Q: Syntactic bootstrapping
It is using sentence structure to infer verb meaning.
Q: Semantic bootstrapping
It uses semantic categories to infer syntactic structure.
Q: Pragmatic inference
It is using context and speaker intent to determine meaning.
Q: Gricean maxims
They are conversational principles guiding cooperative communication.
Q: Universal Grammar
It is the idea that humans are born with innate constraints on language learning.
Q: Poverty of the stimulus
It argues that input is insufficient to explain children's rapid grammar learning.
Q: Nicaraguan Sign Language
It shows children spontaneously generate grammatical structure when exposed to limited input.
Q: Critical period for phonology
It states that early childhood is the optimal time for sound-category learning.
Q: Critical period for syntax
It extends into adolescence, after which grammar learning becomes difficult.
Q: Broca's aphasia
It produces nonfluent speech with relatively spared comprehension.
Q: Wernicke's aphasia
It produces fluent but meaningless speech with impaired comprehension.
Q: Conduction aphasia
It impairs repetition due to damage to the arcuate fasciculus.
Q: McGurk effect
It shows that visual information can shape auditory perception of speech.
Q: Intuitive physics
It is basic knowledge about object behavior present early in development.
Q: Solidity principle
It is the expectation that objects cannot pass through each other.
Q: Spatiotemporal continuity
It is the expectation that objects move on continuous paths.
Q: Cohesion principle
It is the expectation that objects behave as unified wholes.
Q: Support principle
It is the expectation that objects require physical support.
Q: Baillargeon's findings
They show infants understand object permanence earlier than Piaget proposed.
Q: Habituation-dishabituation
It is a method where infants' looking times reveal expectations.
Q: Wynn (1992)
It found infants detect incorrect arithmetic outcomes using looking time.
Q: Approximate Number System
It is a nonverbal system for estimating quantity based on ratios.
Q: Weber's Law in number
It states that discriminability between quantities depends on their ratio.
Q: Xu and Spelke findings
They showed infants differentiate numbers when ratios are large enough.
Q: PLATO model
It is a deep-learning model showing intuitive physics can arise from general-purpose learning.
Q: Core knowledge domains
They include objects, agents, number, space, and biology.
Q: Intuitive psychology
It is infants' early reasoning about beliefs, desires, and intentions.

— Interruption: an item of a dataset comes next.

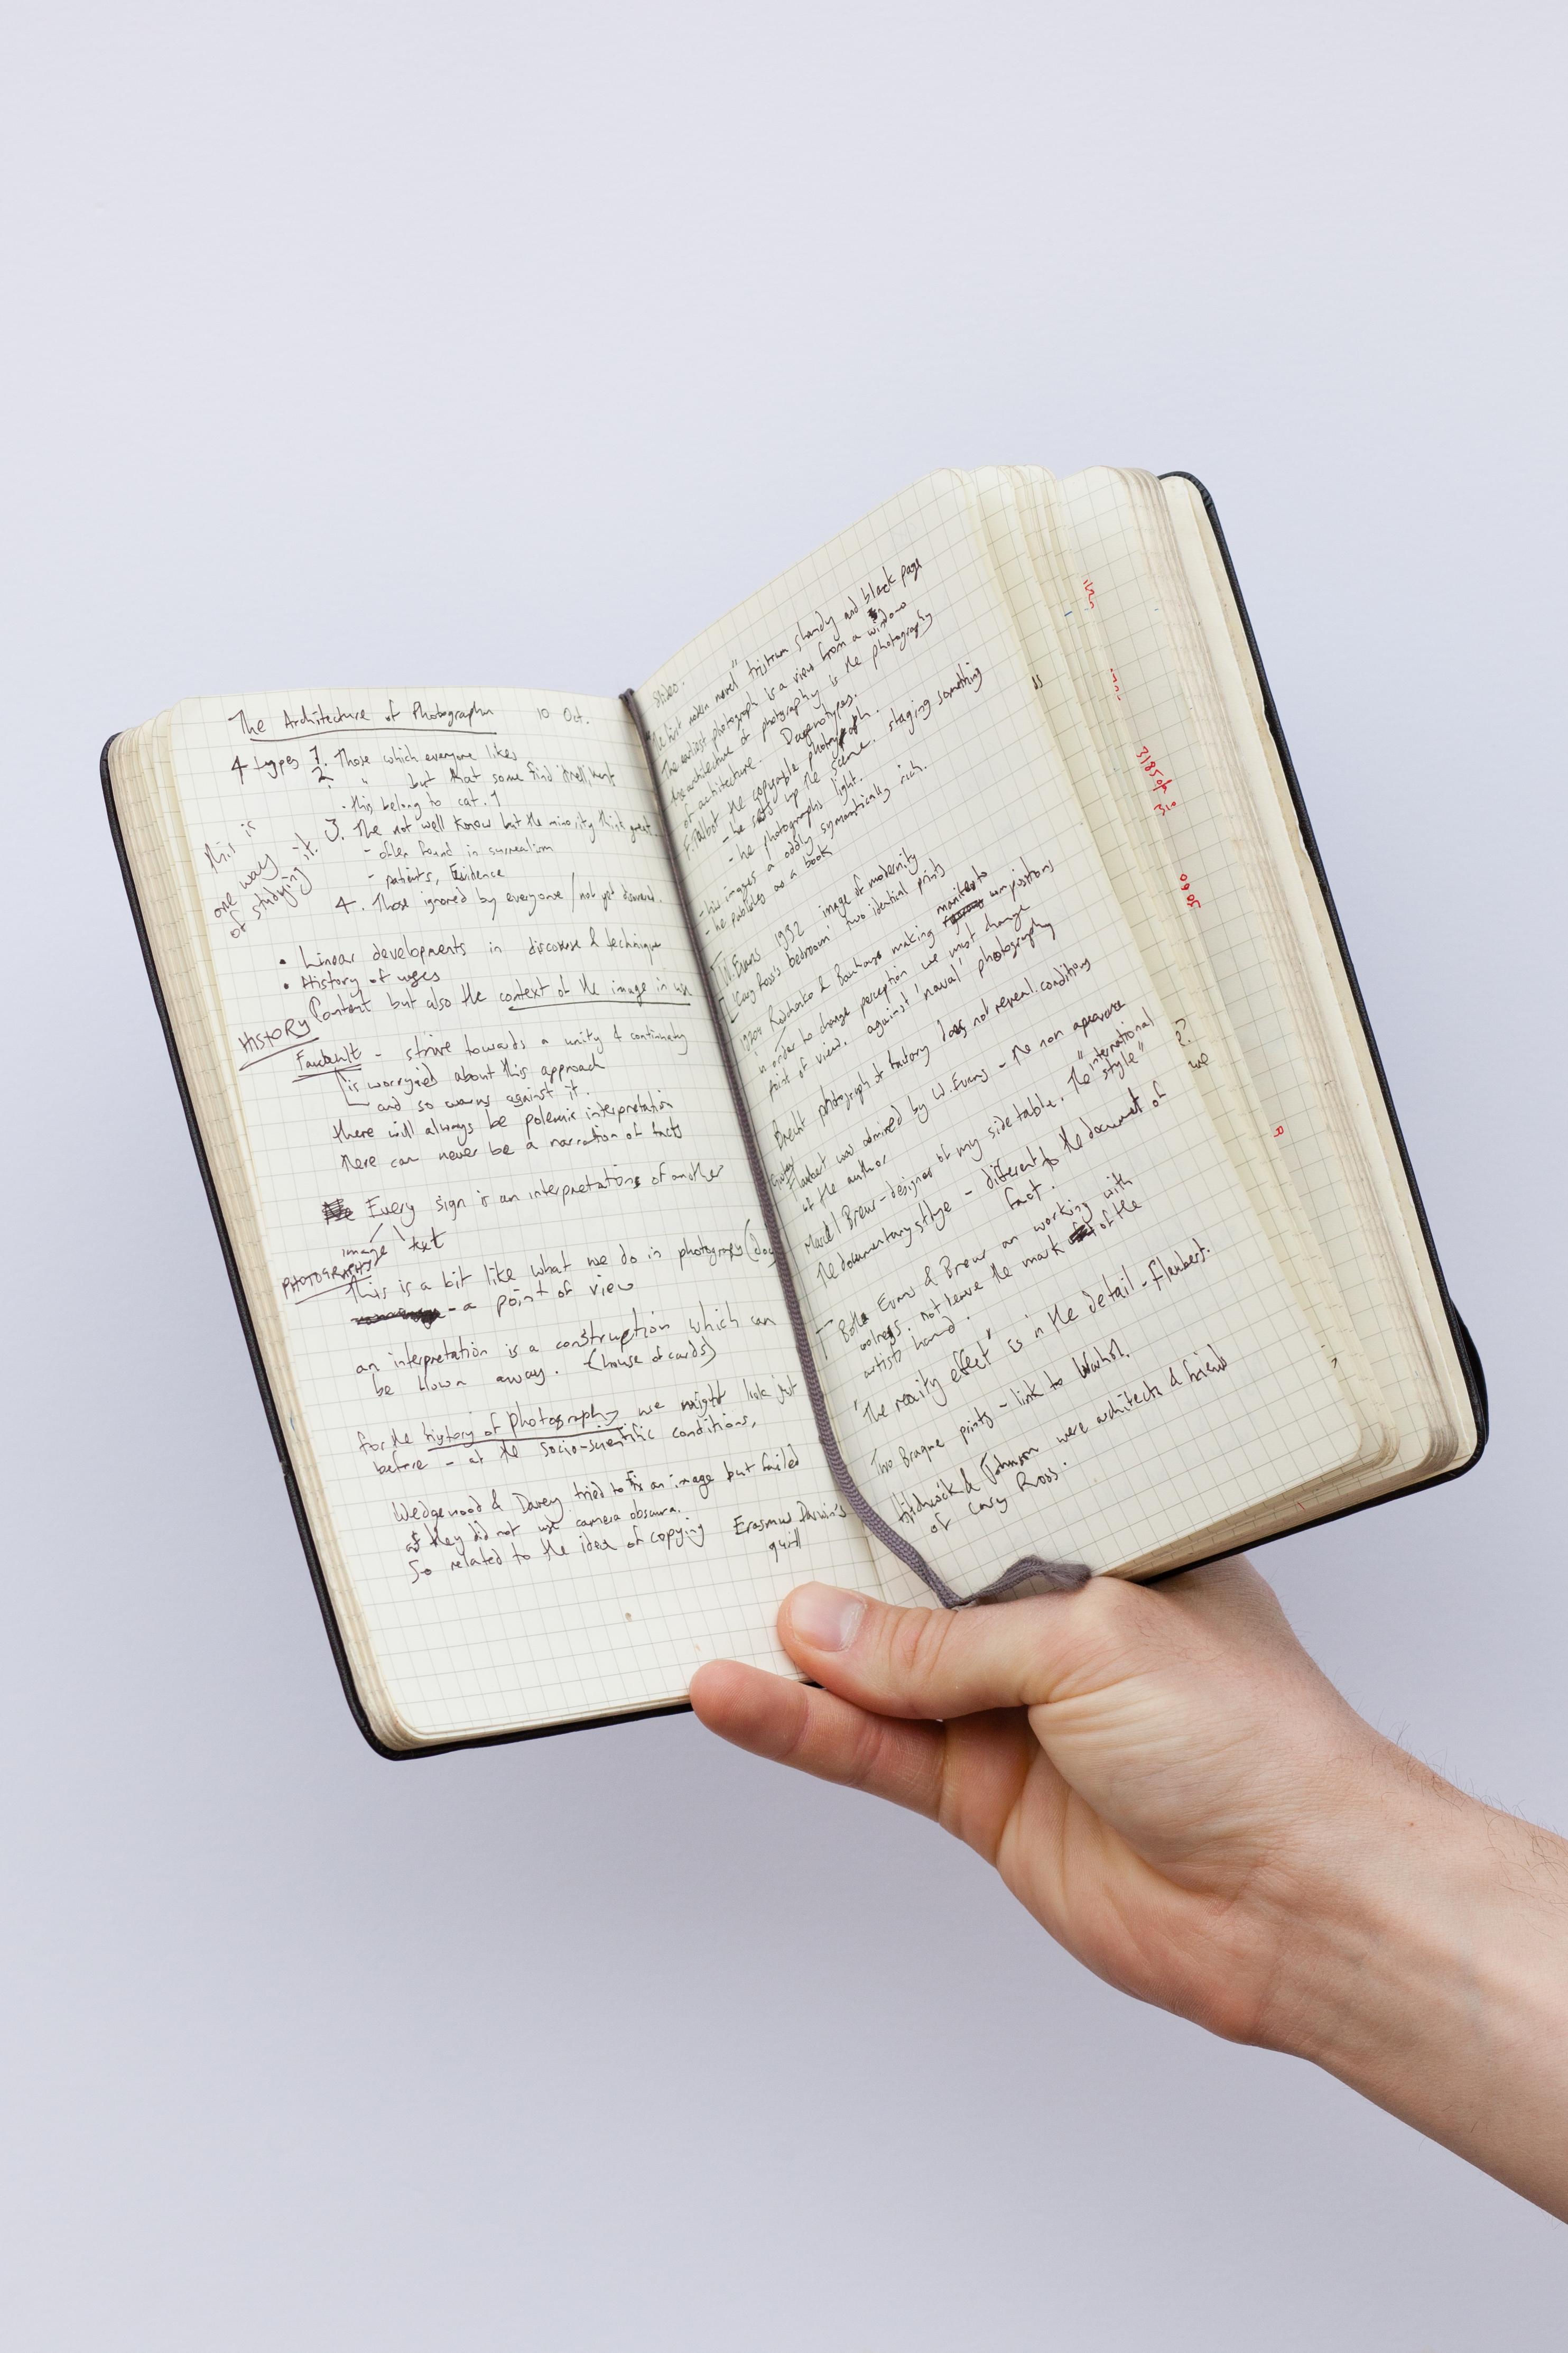 File:Notebook with english handwriting.jpg - Wikimedia Commons

Q: False-belief understanding
It is recognizing that others can hold incorrect beliefs.
Q: Woodward's goal attribution
It shows infants interpret human movements as goal-directed.
Q: Teleological stance
It is interpreting behavior as purposeful and efficient.
Q: Rational action principle
It is the expectation that agents act efficiently to achieve their goals.
Q: Shape bias in word learning
It is the tendency for children to categorize objects by shape rather than color or material.
Q: Overregularization
It is when children apply grammatical rules too broadly, such as saying "goed" or "mouses," showing rule-learning.
Q: Lexical ambiguity
It refers to words that have multiple possible meanings.
Q: Syntactic ambiguity
It refers to sentences that can be parsed in more than one structural way.
Q: Garden-path sentence
It is a sentence that misleads the parser into an incorrect initial structure.
Q: Minimal attachment
It is the parsing strategy that prefers the simplest syntactic structure.
Q: Late closure
It is the parsing strategy that attaches new information to the current phrase.
Q: Modular sentence processing
It is the view that syntax is computed before meaning is considered.